Don Peay, founder of Sportsmen for Fish and Wildlife, is a Provo businessman who has a message for Mormons who failed to support Trump’s 2016 campaign: it is time to repent. “The people who did not get behind Trump,” he explained to the Utah County Republican Women,“probably need to look at themselves in the mirror and say, ‘Maybe I need to show a little bit of humility and ask for forgiveness, because I was wrong.’” Some might have been put off by Trump’s demeanor, but that “was just the culture of Trump’s language and colorful past,” he assured. Trump is, Peay emphasized, the right man to lead a Christian America. One attendee noted that Peay “was inspiring” as he dictated the narrative of Trump’s accomplishments.

You might be tempted to think this was just a standard off-the-wall statement from a very energetic Trump supporter, and therefore without much relevance. But given that it’s spring break and I’m trying to procrastinate grading midterms, let me dig into why Peay’s comments are emblematic of a broader cultural moment.

First let’s talk about the Religious Right.

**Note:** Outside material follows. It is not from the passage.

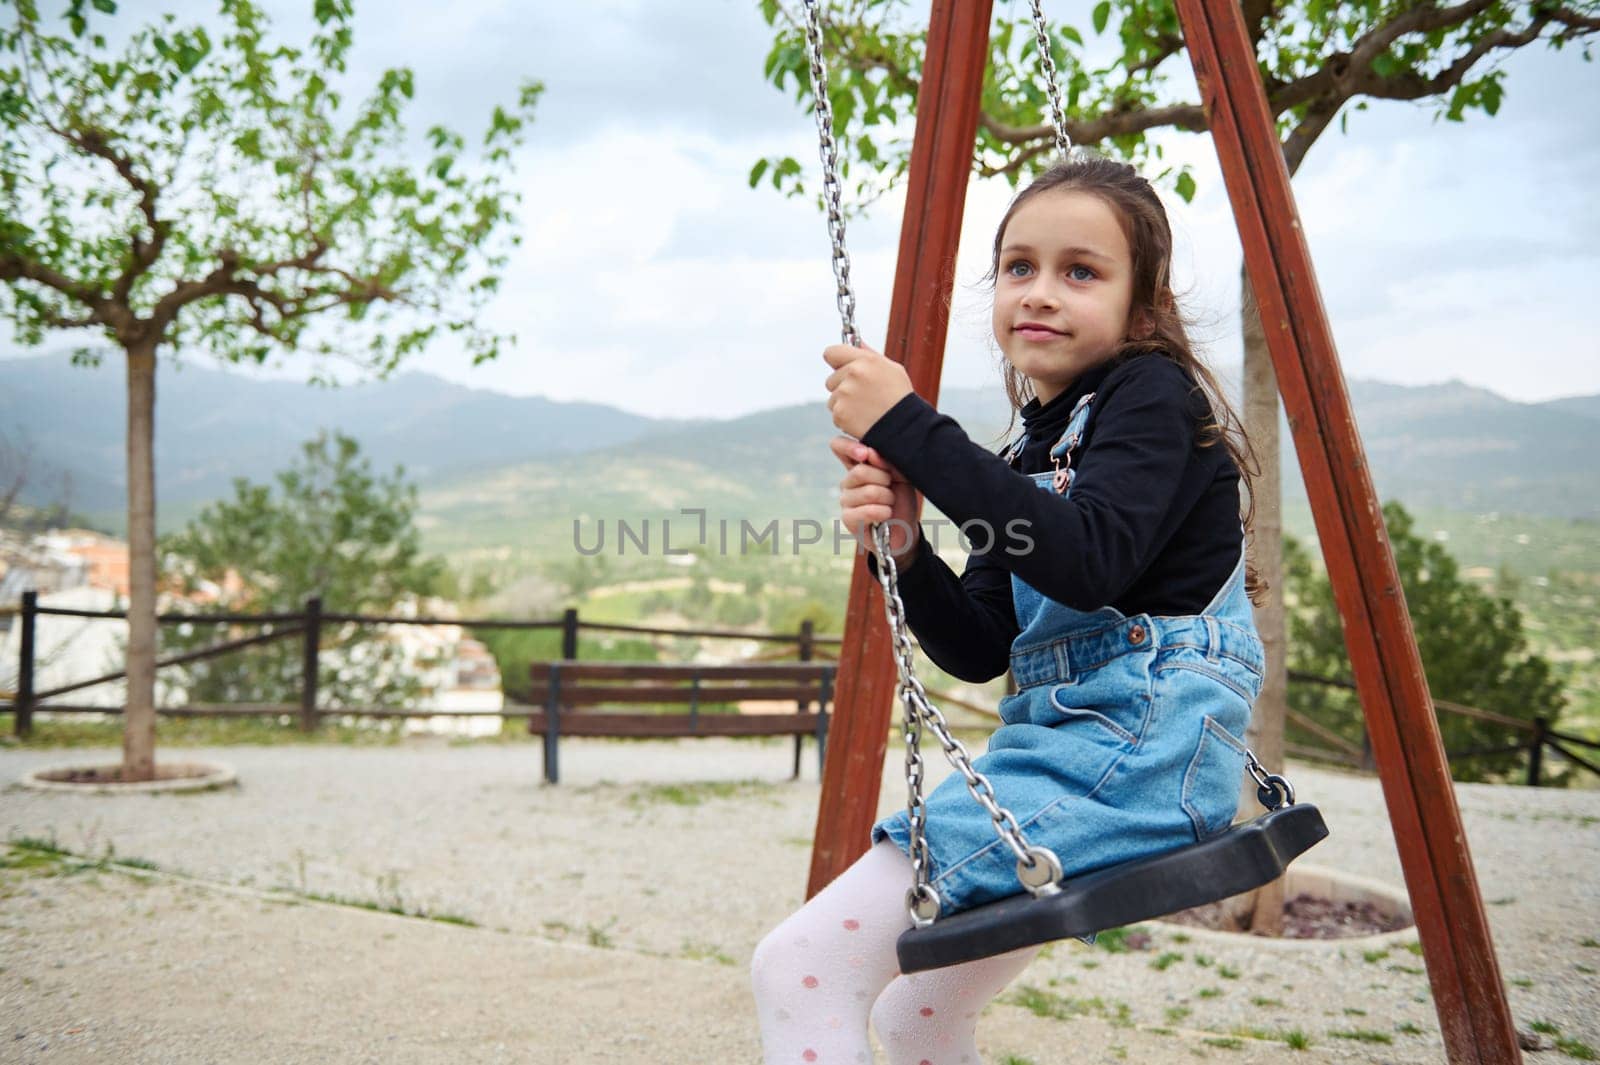 Little child girl 6 years old smiles at camera while sitting on a wooden swing in the playground outdoors. People. Happy carefree childhood. Recreation

The fusion of Evangelical conservatism and the Republican Party is of recent vintage, a culmination of divergent streams that climaxed, as per traditional narratives, with the election of Ronald Reagan in 1980. The heart of the movement was the fervent belief that political leaders should reflect the values and principles of America’s silent (and Christian) majority. The Reagan and, later, the Bush administrations supposedly represented these evangelical interests by not only pushing conservative policies but also, and this is important, placing Godly men in the White House. The mobilization was so effective that Americans today have trouble fathoming a separation between evangelicalism and the Republican Party.

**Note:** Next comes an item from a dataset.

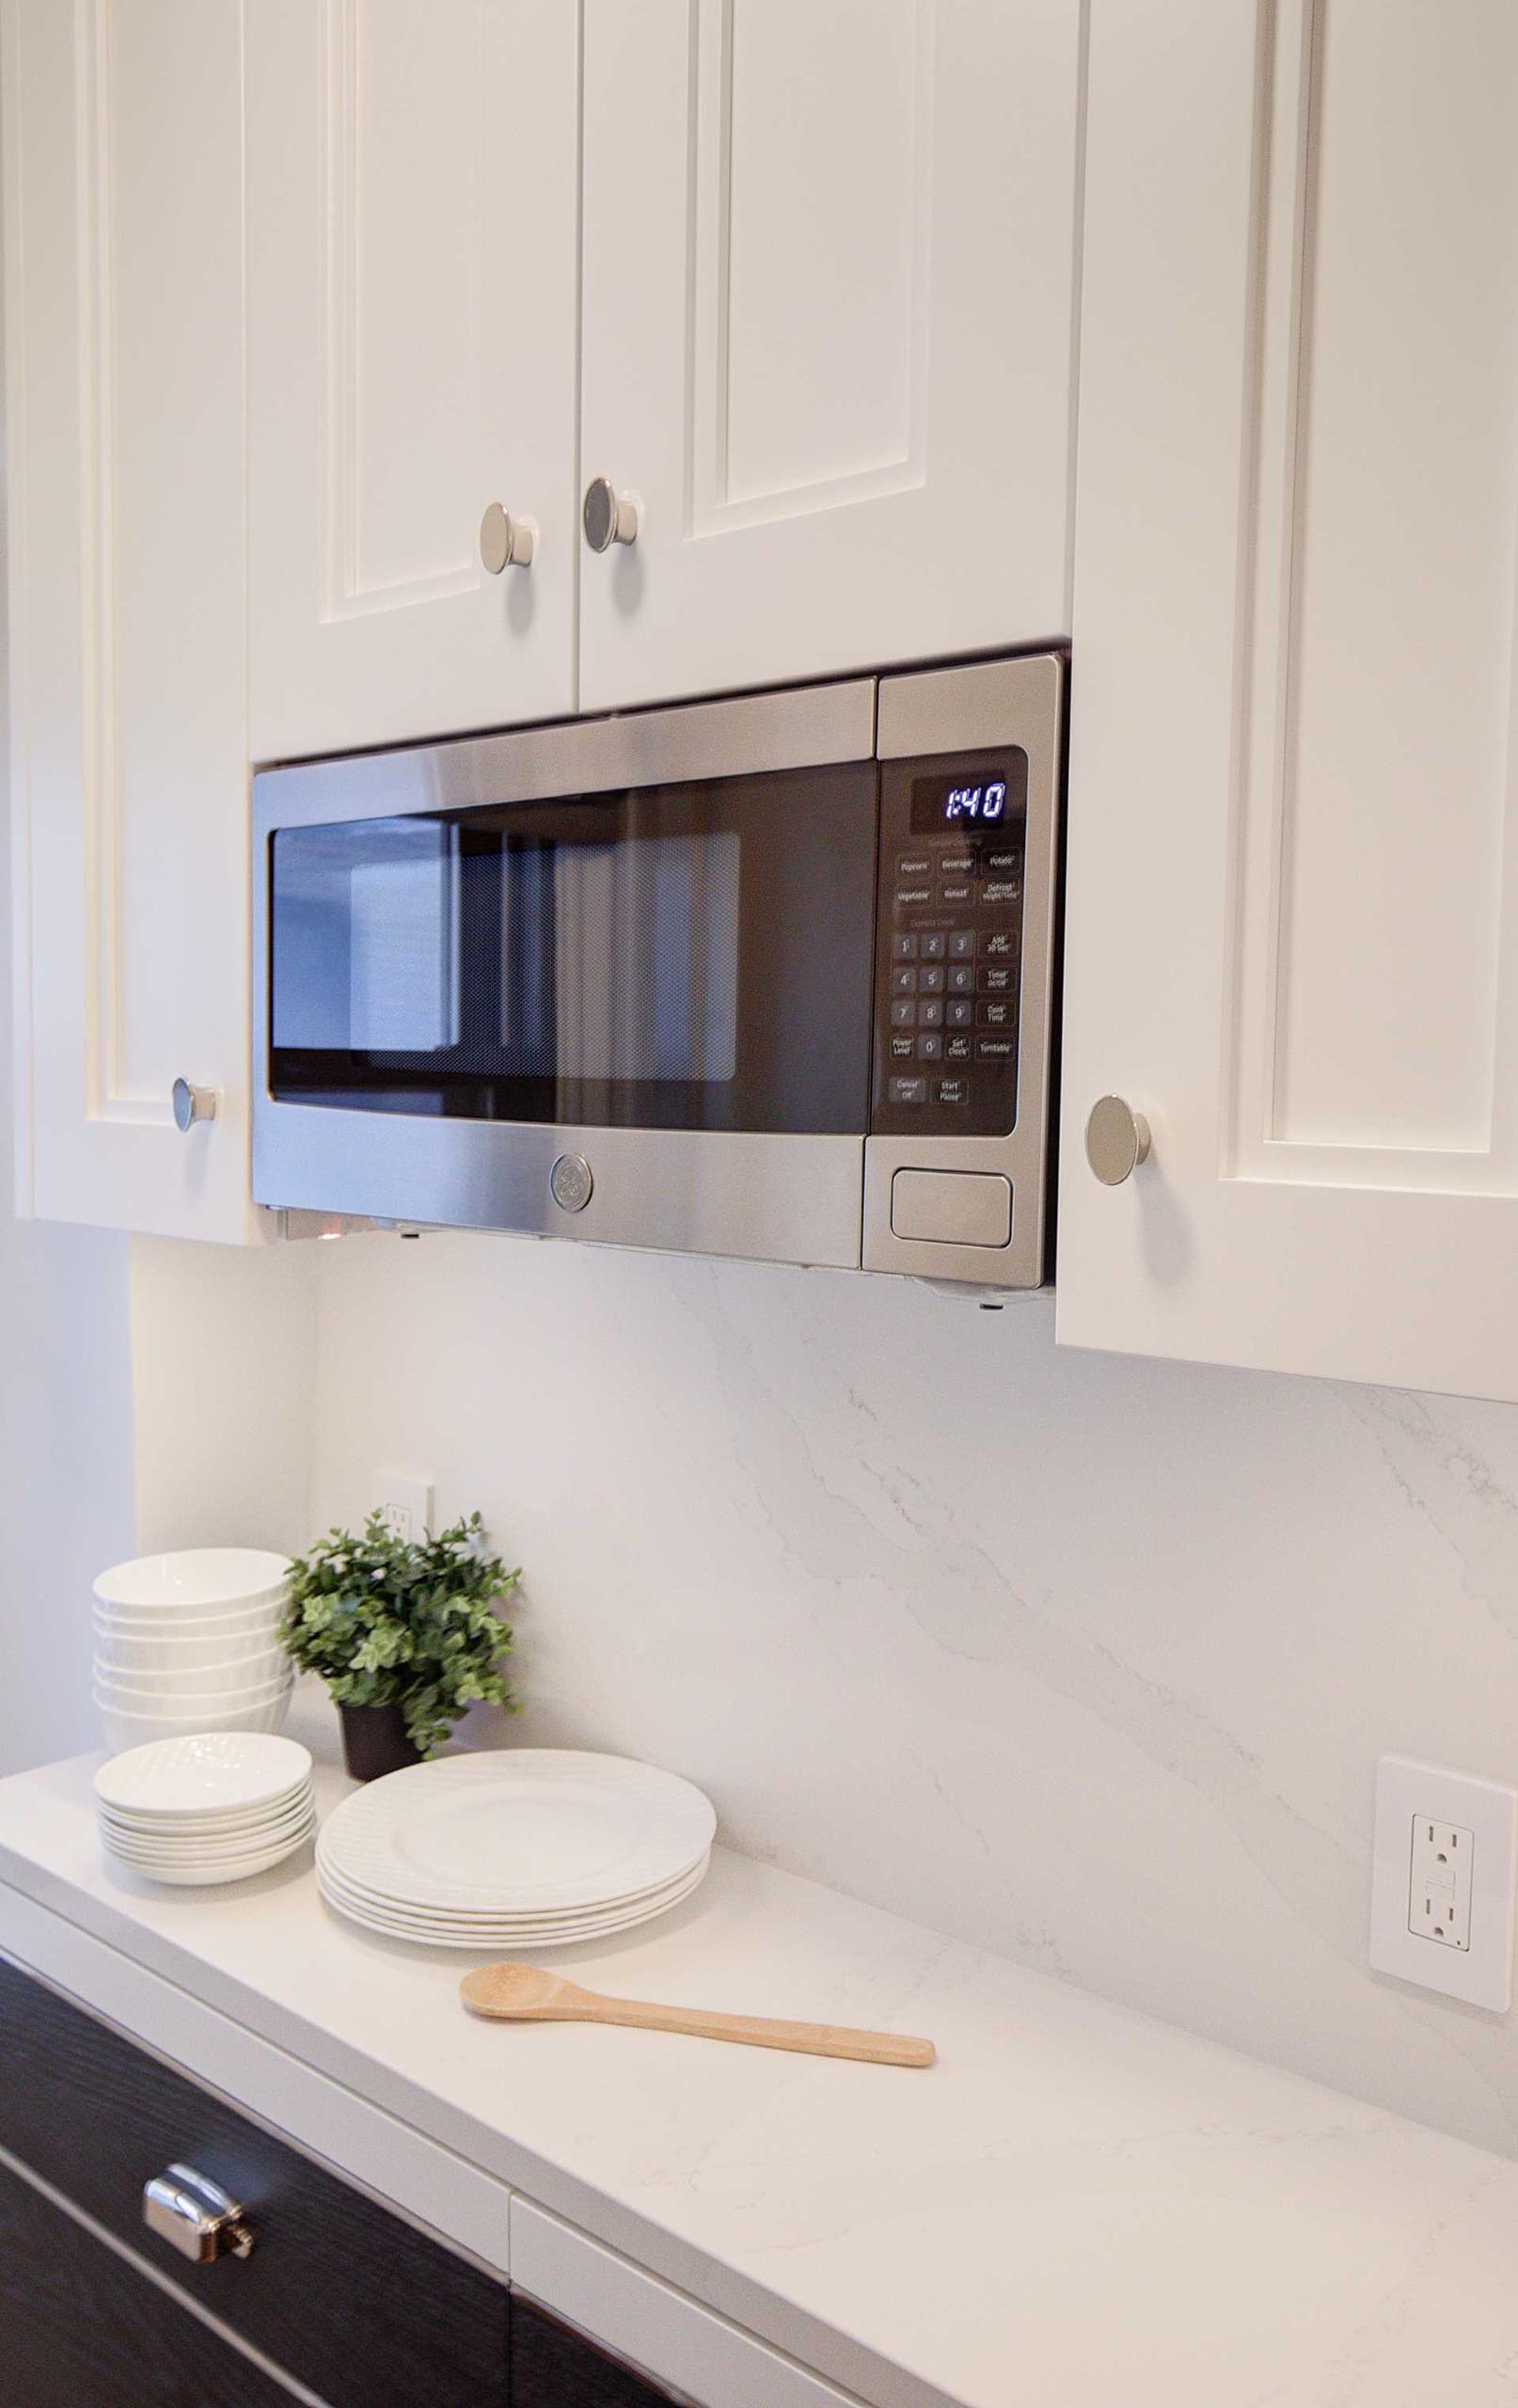 A contemporary kitchen with a built-in microwave that sits flush with the surrounding cabinets.

Trump was always an awkward fit within this trajectory. His very obvious disinclination toward religion coupled with the strong support from traditional religious backers always seemed incongruous. (I can’t choose between his “Two Corinthians” phrasing at Liberty University or this cringe-worthy blessing as the more worthy embodiment of this dichotomy.) Further, his explicitly crude remarks and behavior over the years, with hours and hours of gleeful confessions on Howard Stern’s radio show, made him an unlikely savior for the Religious Right. And that was before the infamous Access Hollywood video leaked out, which contained Trump clearly bragging about sexually assaulting women. But rather than disentangling from the nominee, many doubled down. Roger Stone likened Trump to Sampson, a corrupted figure who is nonetheless an instrument of God. Some rushed to emphasize his (recently fabricated) pro-life stance and (hypothetical) conservative Supreme Court picks. The Religious Right had become pragmatic. As long as Trump delivered on traditionally Republican campaign promises, he could still count on their support.

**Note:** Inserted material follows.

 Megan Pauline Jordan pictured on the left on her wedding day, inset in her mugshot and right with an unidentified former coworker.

The case within Mormonism is slightly different, but matches the overall trajectory. I’ve already written, probably too much, on the topic, so I won’t rehash it all here. But suffice it to say that Mormonism has long held an even more fervent belief in the idea of holy leaders, a principle that is quite explicit in the Book of Mormon. It is not enough to promise the right politics, but an elected official should also reflect right values. Any Mormon who argues that “the majority should shut up the minority”–as Peay did yesterday–is ignorant of Mormonism’s past, where the faith has long been attacked for failing to assimilate to mainstream culture. To put it bluntly, pro-Trump Mormonism is an abject disruption of the faith’s political tradition.

So what does Don Peay’s remarks tell us about the modern Religious Right? First, note the remnants of Religious Right discourse: those who failed to support the chosen leader were not just wrong, but in need of repentance. This is still a holy body and a religious community. But, and this is the crucial shift, we are not to extend that standard to Trump himself: he is the product of a crude society whose greatest virtue is survival. Trump is a compromise with the world, an unrighteous man who is able to accomplish righteous victories. America is still supposed to be a faithful body, but we are not required to have a faithful head. A Christian nation with a heathen emperor. Perhaps the righteousness of the electorate is what will keep the unrighteous elected in check. The Body of Trump is not so much an evolution of the Religious Right as it is an awkward amalgamation of it.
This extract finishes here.